Like many people with a professional interest in food I watch food shows and have some of my favorites. The show I have always enjoyed most was Alton Brown's "Good Eats". Brown brings a scientific focus to the art of cuisine design. He is also a very personal commentator for "Iron Chef America". My wife introduced me to "Good Eats" many years ago. I was intrigued to learn that Brown was in his 30s before he attended culinary school. He moved to Vermont just so he could acquire a professional chef's skills as the first step in his career goal of developing a better cooking show.
Cooking is one of those skills that we have always had and yet professional culinary arts have really only been around for a couple of centuries. During the middle ages wealthy families hired cooks and in classical Greek and Roman times slaves did much of the cooking. These were full-time professions. But it was not until the 1700s that cooks began setting out on their own to because restaurateurs and to pass on their skills to other cooks. The most famous culinary schools of the world are less than 200 years old.

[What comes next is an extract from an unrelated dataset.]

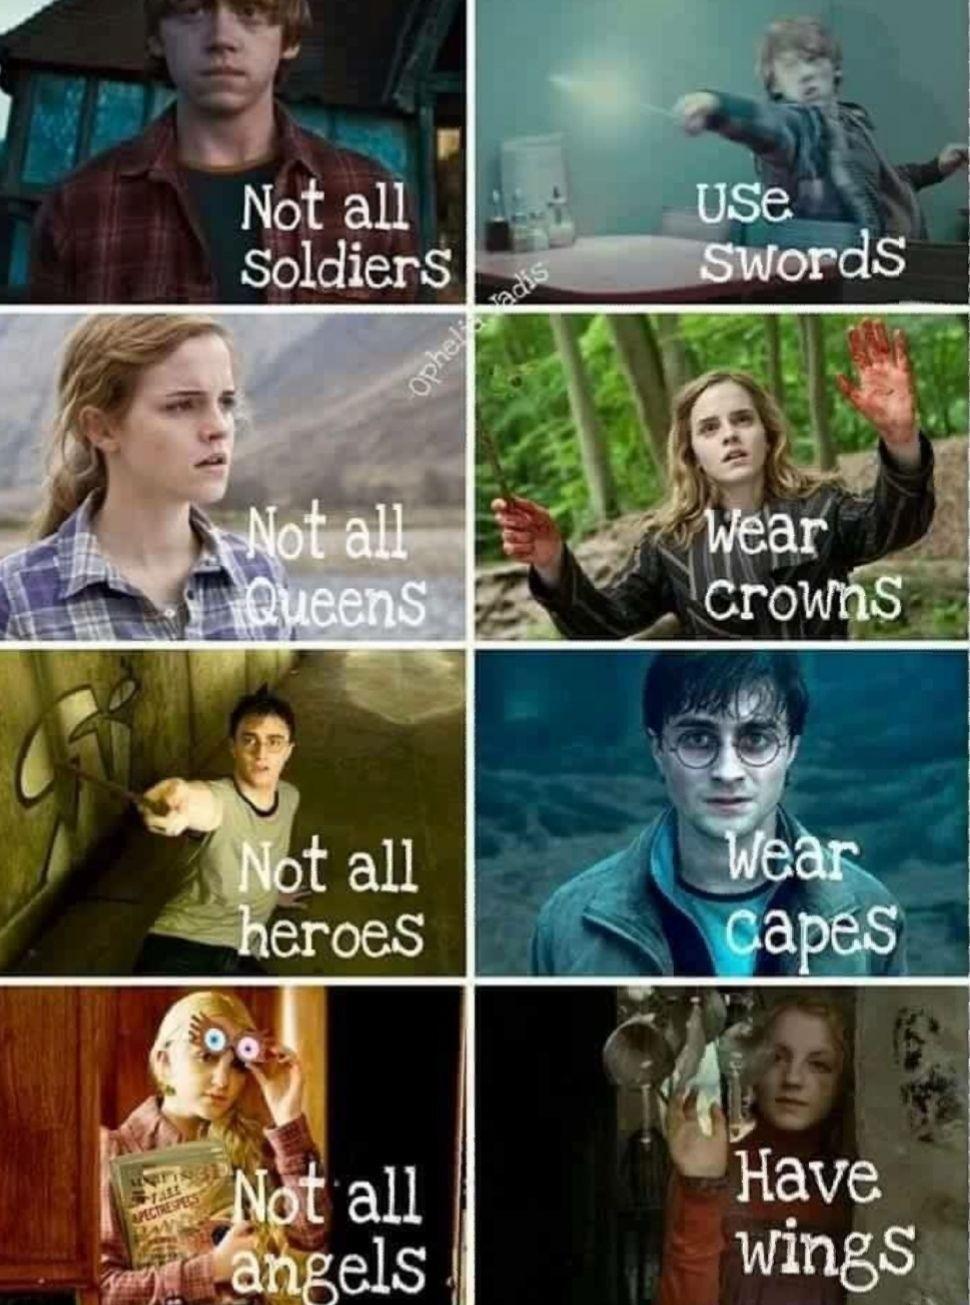 Zur ehren von Harry Potters (geb. 31.7 1980) 39 Geburtstag. #fanfiction Fan-Fiction #amreading #books #wattpad

It is therefore still a wondrous thing, to me, when a young man can start out as a chef and rise up to become the chief executive of a multimillion-dollar corporation in food services by the time he is 40. I should have been so blessed in my life, but we can't all become millionaire CEOs.
We all need to eat and so I encourage people to learn more about the food they eat, even to learn how to cook, no matter what their age. I was thrilled to find a blogger pondering the challenge of exploring the potential of his culinary tastes. This is really what cooking is all about: exploring the potential of the flavors and textures of our foods for without that exploration food becomes a bland stream of obligatory mush that passes from mouth to stomach.
To be human is to seek meaning in everything we do. We need meaning in what we eat. It is as vital and important a meaning as any of our sacred virtues. Indeed, nearly every religion uses food in some symbolic way. Food is not simply a source of energy for our bodies, it is a vital ingredient for our good health, our social spirit, and our sense of self.